[RFC] [PATCH 0/5 V2] Huge page backed user-space stacks

Mel Gorman mel at csn.ul.ie
Fri Aug 8 02:06:06 EST 2008


On (06/08/08 12:50), Dave Hansen didst pronounce:
> On Wed, 2008-08-06 at 10:02 +0100, Mel Gorman wrote:
> > > That said, this particular patch doesn't appear *too* bound to hugetlb
> > > itself.  But, some of its limitations *do* come from the filesystem,
> > > like its inability to handle VM_GROWS...  
> > 
> > The lack of VM_GROWSX is an issue, but on its own it does not justify
> > the amount of churn necessary to support direct pagetable insertions for
> > MAP_ANONYMOUS|MAP_PRIVATE. I think we'd need another case or two that would
> > really benefit from direct insertions to pagetables instead of hugetlbfs so
> > that the path would get adequately tested.
> 
> I'm jumping around here a bit, but I'm trying to get to the core of what
> my problem with these patches is.  I'll see if I can close the loop
> here.
> 
> The main thing this set of patches does that I care about is take an
> anonymous VMA and replace it with a hugetlb VMA.  It does this on a
> special cue, but does it nonetheless.
> 

This is not actually a new thing.

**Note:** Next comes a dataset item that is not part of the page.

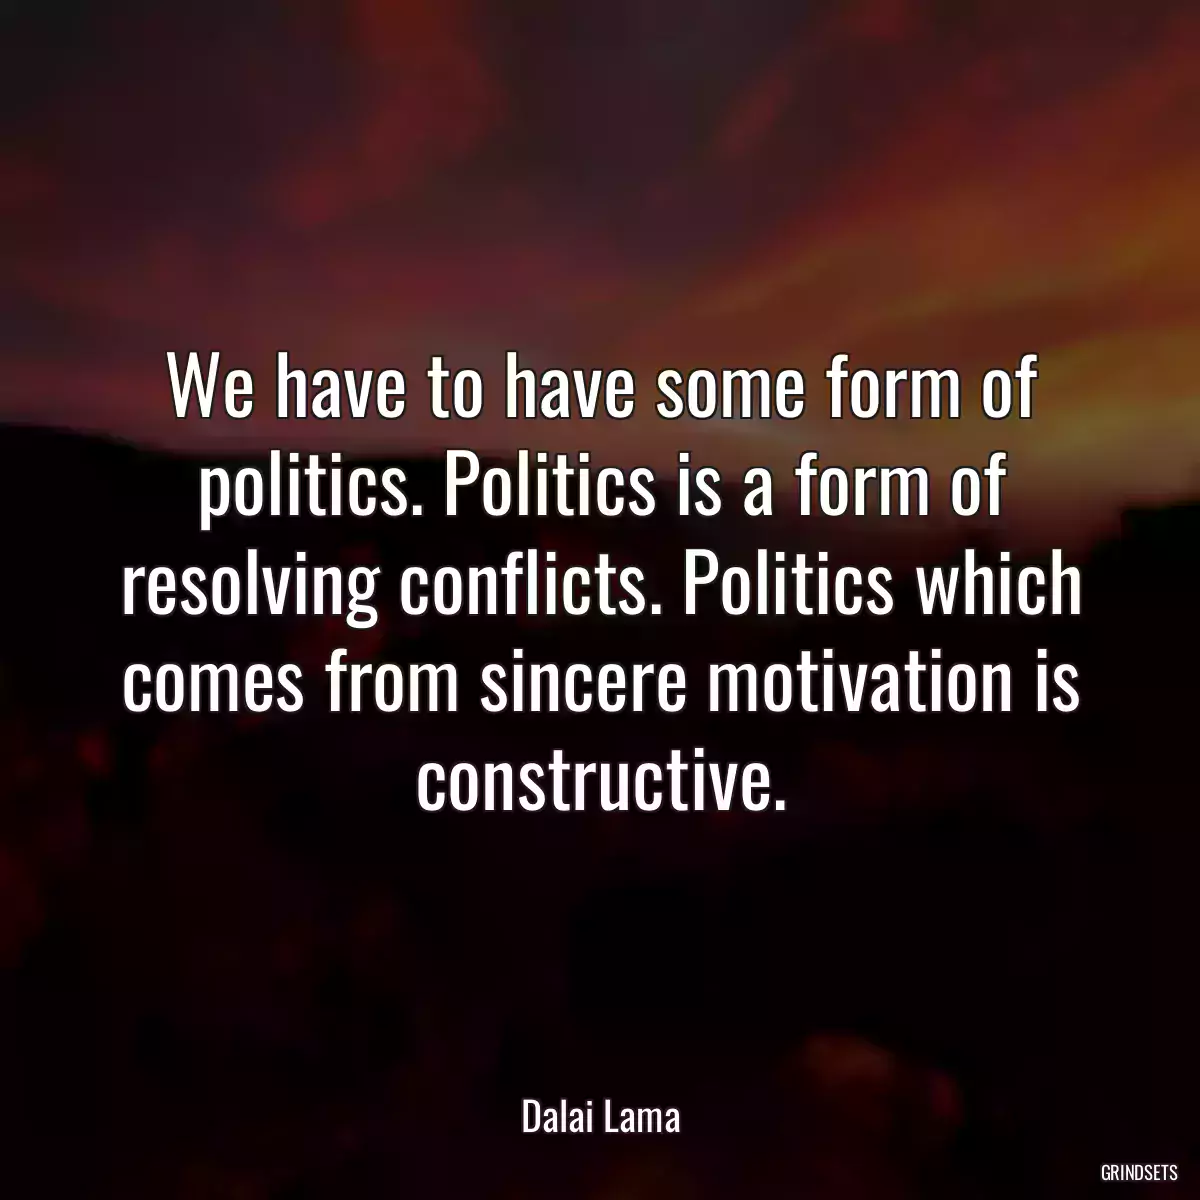 We have to have some form of politics. Politics is a form of resolving conflicts. Politics which comes from sincere motivation is constructive.

For a long time now, it has been possible to
back  malloc() with hugepages at a userspace level using the morecore glibc
hook. That is replacing anonymous memory with a file-backed VMA. It happens
in a different place but it's just as deliberate as backing stack and the
end result is very similar. As the file is ram-based, it doesn't have the
same types of consequences like dirty page syncing that you'd ordinarily
watch for when moving from anonymous to file-backed memory.

> This patch has crossed a line in that it is really the first
> *replacement* of a normal VMA with a hugetlb VMA instead of the creation
> of the VMAs at the user's request. 

We crossed that line with morecore, it's back there somewhere. We're just
doing in kernel this time because backing stacks with hugepages in userspace
turned out to be a hairy endevour.

Properly supporting anonymous hugepages would either require larger
changes to the core or reimplementing yet more of mm/ in mm/hugetlb.c.
Neither is a particularly appealing approach, nor is it likely to be a
very popular one.

> I'm really curious what the plan is
> to follow up on this.  Will this stack stuff turn out to be one-off
> code, or is this *the* route for getting transparent large pages in the
> future?
> 

Conceivably, we could also implement MAP_LARGEPAGE for MAP_ANONYMOUS
which would use the same hugetlb_file_setup() as for shmem and stacks
with this patch. It would be a reliavely straight-forward patch if reusing
hugetlb_file_setup() as the flags can be passed through almost verbatim. In
that case, hugetlbfs still makes a good fit without making direct pagetable
insertions necessary.

> Because of the limitations like its inability to grow the VMA, I can't
> imagine that this would be a generic mechanism that we can use
> elsewhere.
> 

What other than a stack even cares about VM_GROWSDOWN working? Besides,
VM_GROWSDOWN could be supported in a hugetlbfs file by mapping the end of
the file and moving the offset backwards (yeah ok, it ain't the prettiest
but it's less churn than introducing significantly different codepaths). It's
just not something that needs to be supported at first cut.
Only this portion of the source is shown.